PCI Compliance on AWS: PCI Requirement 2.2
Developing Your Configuration Standards
PCI Requirement 2.2 requires you to, “Develop configuration standards for all system components. Assure that these standards address all known security vulnerabilities and are consistent with industry-accepted system hardening standards.” As you work to comply with this requirement and you develop your own AWS configuration standards, you don’t need to start from scratch. You can rely on industry-accepted resources such as:
- AWS Security Checklist
- AWS Best Practices for Security, Identity, and Compliance
- CIS Benchmark for Securing Amazon Web Services
- NIST Guidelines for Firewalls and Firewall Policy
Along with the extensive resources AWS, CIS, and NIST, other benchmarks could come from ISO or the SANS Institute.
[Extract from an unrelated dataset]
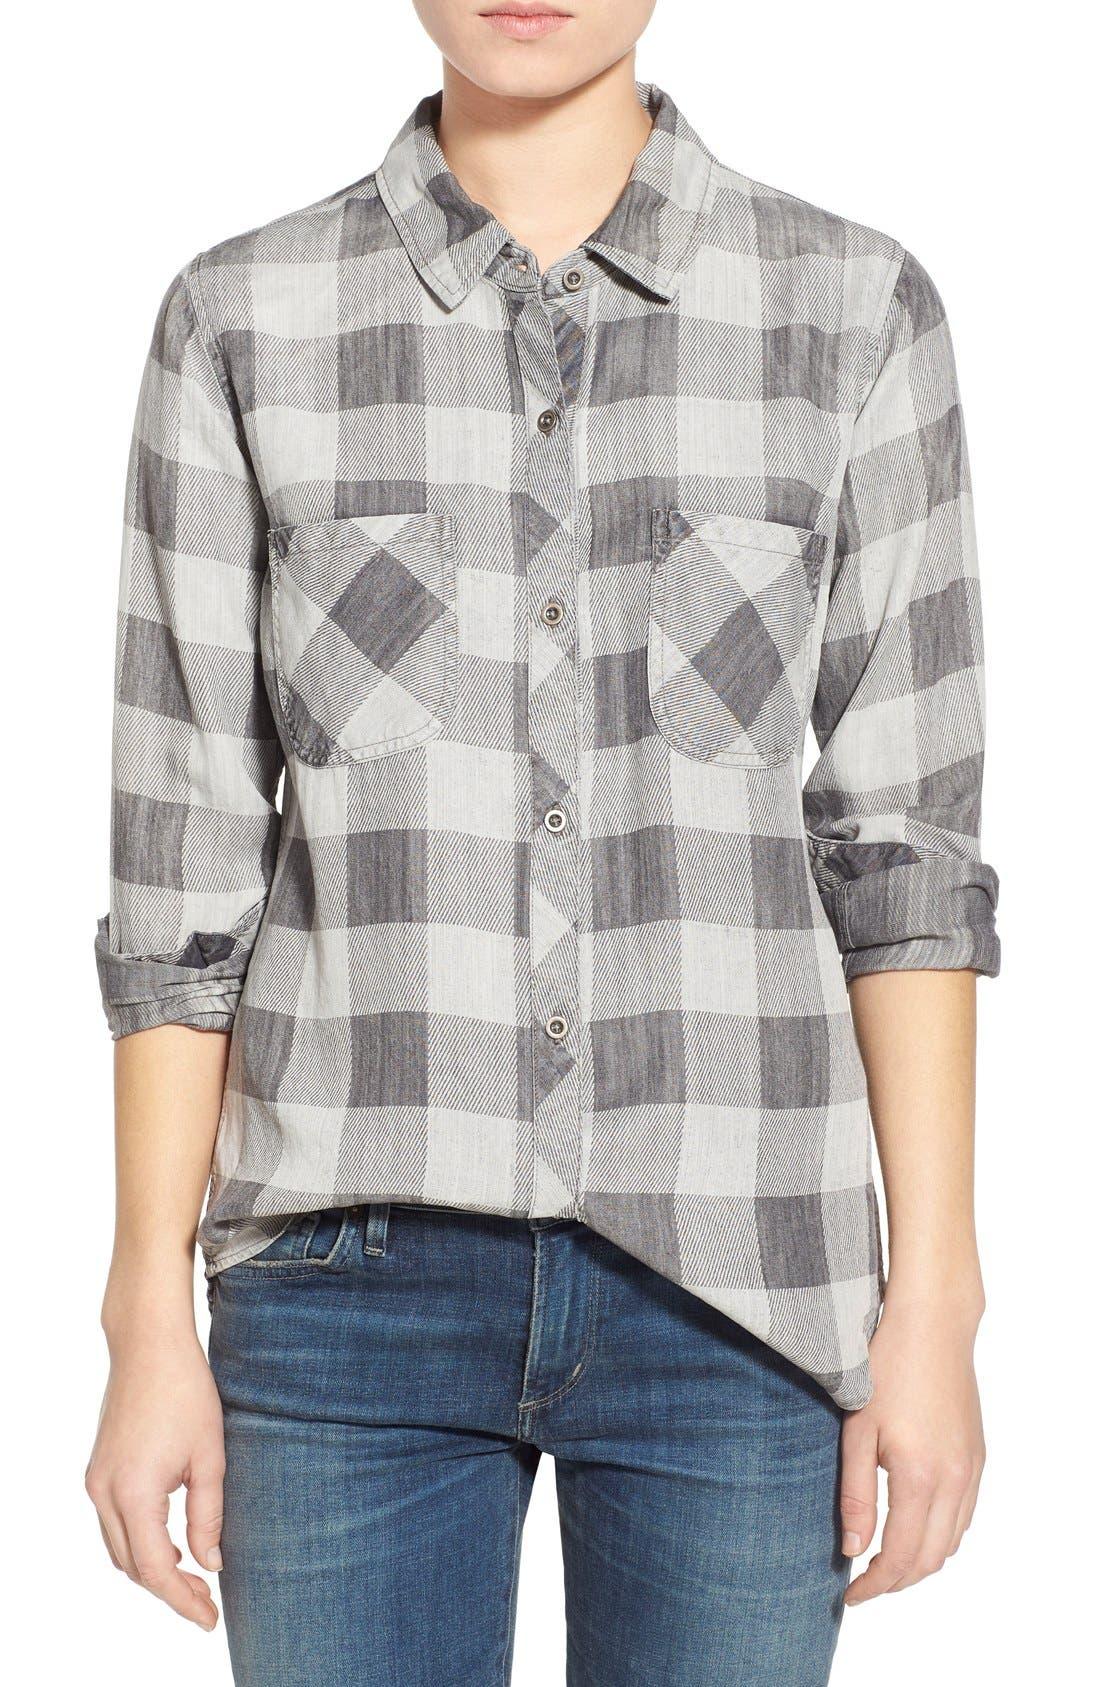 Alternate Image 1 Selected - Rails 'Carter' Buffalo Check Shirt

PCI Requirement 2.2 requires that you have configuration standards based on industry best practices. Within the AWS environment, you might look to industry resources such as the Center for Internet Security (CIS). We’ve provided links below that will get you to some of these industry best practices that are published out there. AWS has published a security checklist and security best practices for securing your AWS environment. When you document your configuration standards, you want to refer to one of these industry-accepted resources as your benchmark that you’ve utilized in order to secure your environment. Interestingly enough, AWS also offers images that are pre-configured against some of these standards out there in the marketplace, so be sure to check those out as well.